Makes it easy to read one or many files.

bag.text.find_new_title(dir, filename)[source]¶

Return a path that does not exist yet, in dir.

If filename exists in dir, adds or changes the end of the file title until a name is found that doesn’t yet exist.

For instance, if file “Image (01).jpg” exists in “somedir”, returns “somedir/Image (02).jpg”.

Return type: str

bag.text.keep_digits(txt)[source]¶

Discard from txt all non-numeric characters.

Return type: str

bag.text.parse_iso_date(txt)[source]¶

Parse a datetime in ISO format.

Return type: datetime

bag.text.pluralize(singular)[source]¶

Return plural form of given lowercase singular word (English only).

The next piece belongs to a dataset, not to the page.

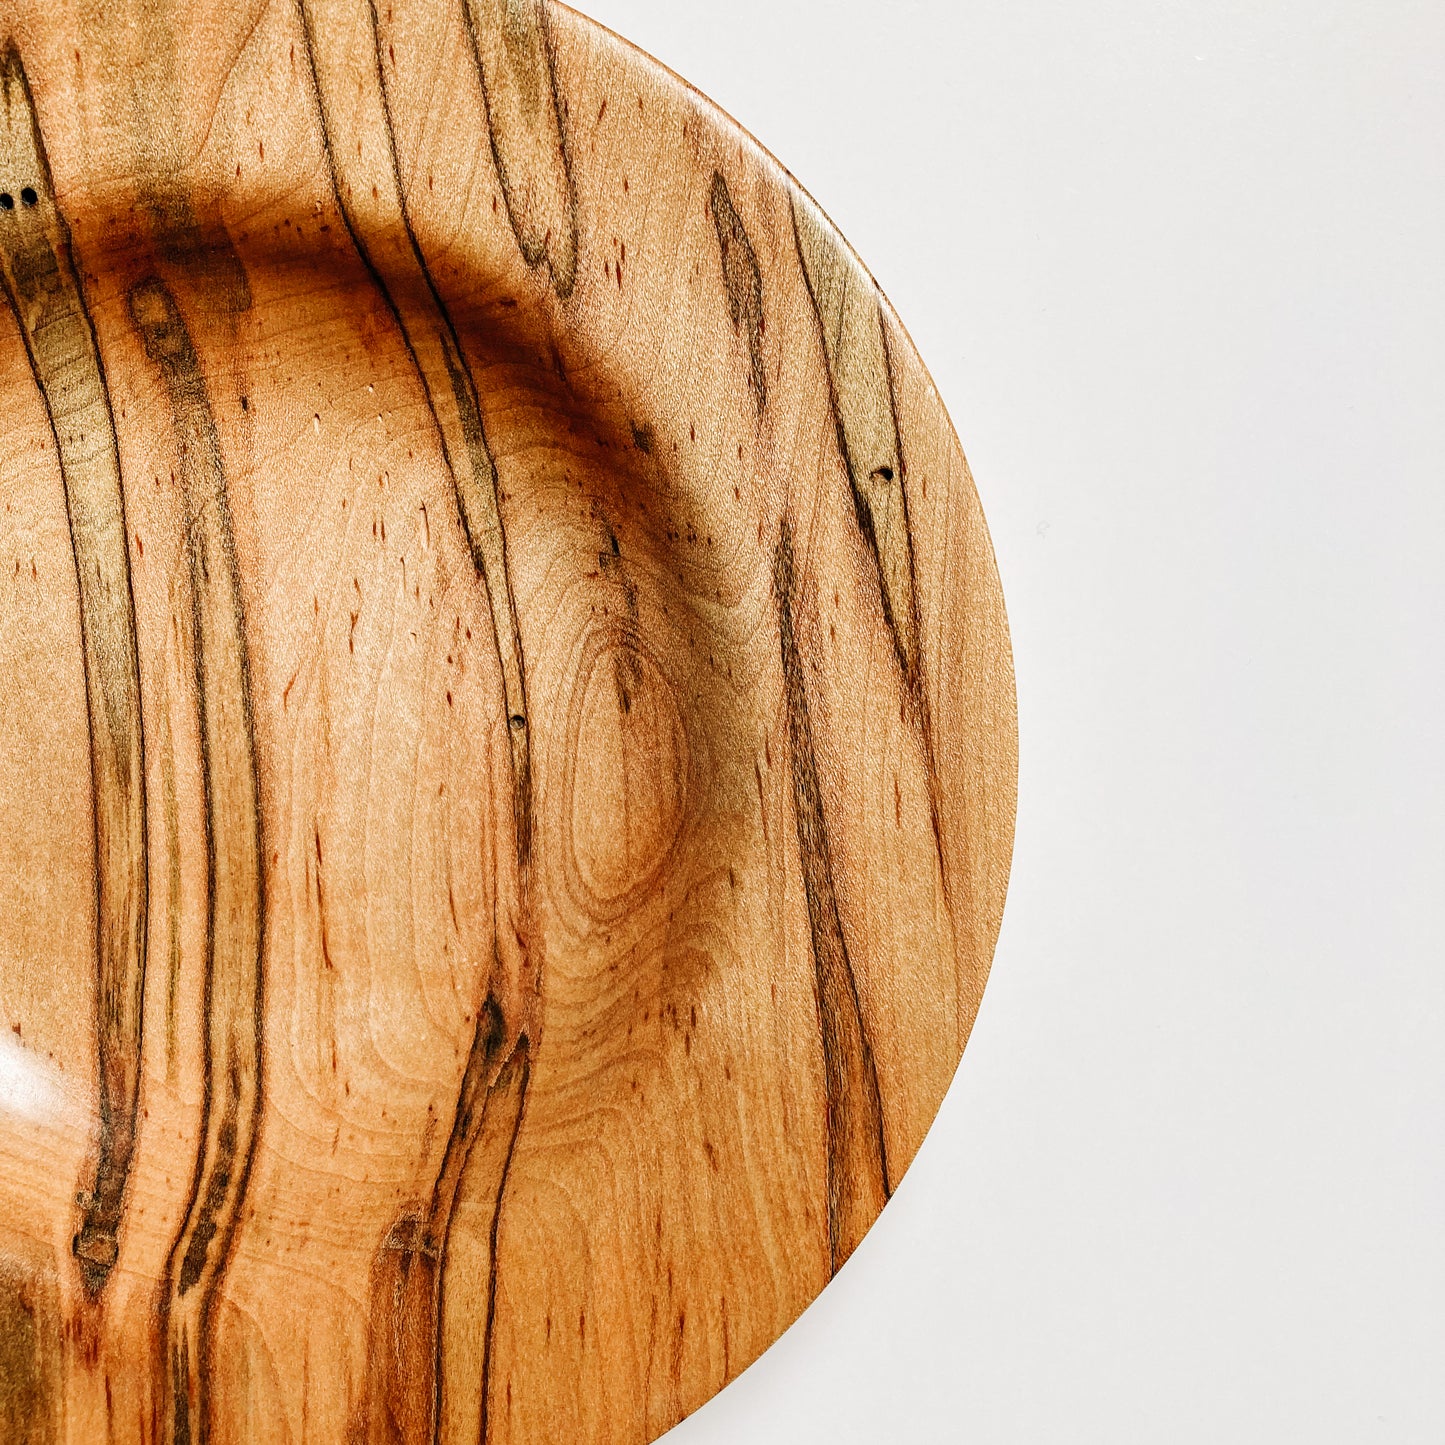 Ambrosia Maple Wooden Carved Bowl - 9 inches by John Parsons Jr. Woodworking

Based on ActiveState recipe http://code.activestate.com/recipes/413172/

>>> pluralize('')
''
>>> pluralize('goose')
'geese'
>>> pluralize('dolly')
'dollies'
>>> pluralize('genius')
'genii'
>>> pluralize('jones')
'joneses'
>>> pluralize('pass')
'passes'
>>> pluralize('zero')
'zeros'
>>> pluralize('casino')
'casinos'
>>> pluralize('hero')
'heroes'
>>> pluralize('church')
'churches'
>>> pluralize('x')
'xs'
>>> pluralize('car')
'cars'

Return type: str

bag.text.random_string(length, chars='ABCDEFGHIJKLMNOPQRSTUVWXYZabcdefghijklmnopqrstuvwxyz0123456789')[source]¶

Return a random string of some length.

Return type: str

bag.text.resist_bad_encoding(txt, possible_encodings=('utf8', 'iso-8859-1'))[source]¶

Use this to try to avoid errors from text whose encoding is unknown, when erroring out would be worse than possibly displaying garbage.

Maybe we should use the chardet library instead…

bag.text.shorten(txt, length=10, ellipsis='…')[source]¶

Truncate txt, adding ellipsis to end, with total length.

Return type: str

bag.text.shorten_proper(name, length=11, ellipsis='…', min=None)[source]¶

Shorten a proper name for displaying.

Return type: str

bag.text.simplify_chars(txt, encoding='ascii', byts=False, amap=None)[source]¶

Remove from txt all characters not supported by encoding…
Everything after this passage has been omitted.